うだる暑さの甲子園で星稜(石川)の背番号18をつけた寺西成騎投手(3年)が三塁ブルペンで投げていた。履正社(大阪)に大差をつけられた8回だ。甲子園交流試合で出番はなかったが、晴れ舞台に立った。

夏が終わる。「全国高校球児の皆さん、全員が自身の夢をつないでいってほしいです」。夏の甲子園大会歌「栄冠は君に輝く」を作詞した加賀大介さん(73年他界)の長女、新川淑恵さんの高校3年生への思いだ。小学校教師になり、最後は石川・能美市立浜小学校の校長だった。寺西投手はここに通った生徒だった。

コロナ禍で夏の甲子園が中止になった。新川さんは「実は今年の高校3年生は私が退職した年の小学6年生です。浜小学校の学童チームは全国の学童大会で準優勝しました。根上(ねあがり)はすごく強くて。頑張っているのを知っていました」と話す。高校3年生は夢を奪われた。形は違っても病気がもとで足が不自由になり、野球を断念した父と重なる。だから言う。

「その人によって『栄冠』は違うのでしょうね、きっと」

浜小学校には、あまり知られていない、すてきな話がある。7年前、当時の小学6年生が新川校長のもとへ押しかけてきた。「大先輩の松井さんに『浜っ子栄誉賞』をあげたいんです」。松井さん、とは巨人や大リーグで活躍した松井秀喜さんだ。根上で育ち、同校出身だった。13年5月、国民栄誉賞を児童会の生徒たちが大喜び。自発的に、たたえたいと提案してきた。

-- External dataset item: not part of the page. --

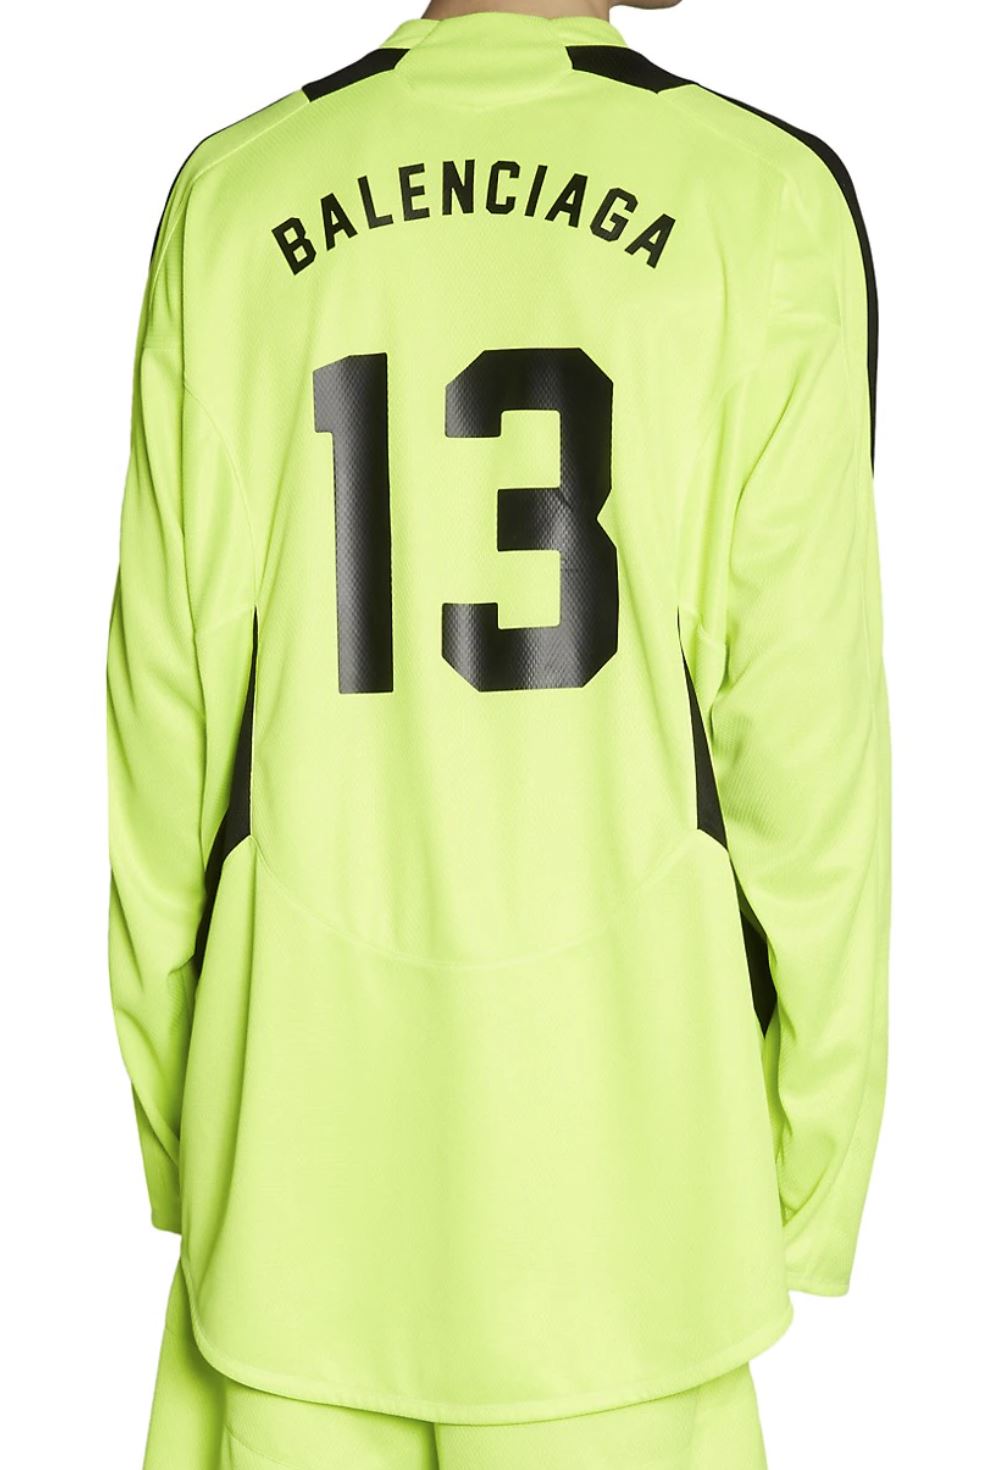 NWT 1190 $ Balenciaga Langarm-Fußball-T-Shirt Gelb XL Hergestellt in Portugal

米国に住む松井さんは多忙の身だ。新川校長が父昌雄さんに相談すると、粋な答えが返ってきた。「秀喜に直接、渡してほしい」。松井さんが帰省した正月、子どもたちは表彰状を手渡した。日米通算507本塁打の原点。ふるさとから送られた「栄冠」はこの上なく温かみにあふれていた。

新川さんは、父が思いを込めた、この歌とともに生きてきた。「自分が年を重ねるにつれてとらえ方は変わりました。働き盛りの頃は『青春の賛歌』が響いて。3番の『感激をまぶたに』は健康であったからこそ見える景色。自分の歩みが成功であれ、失敗であれ、それでいい、そういう応援歌でもあると思います」。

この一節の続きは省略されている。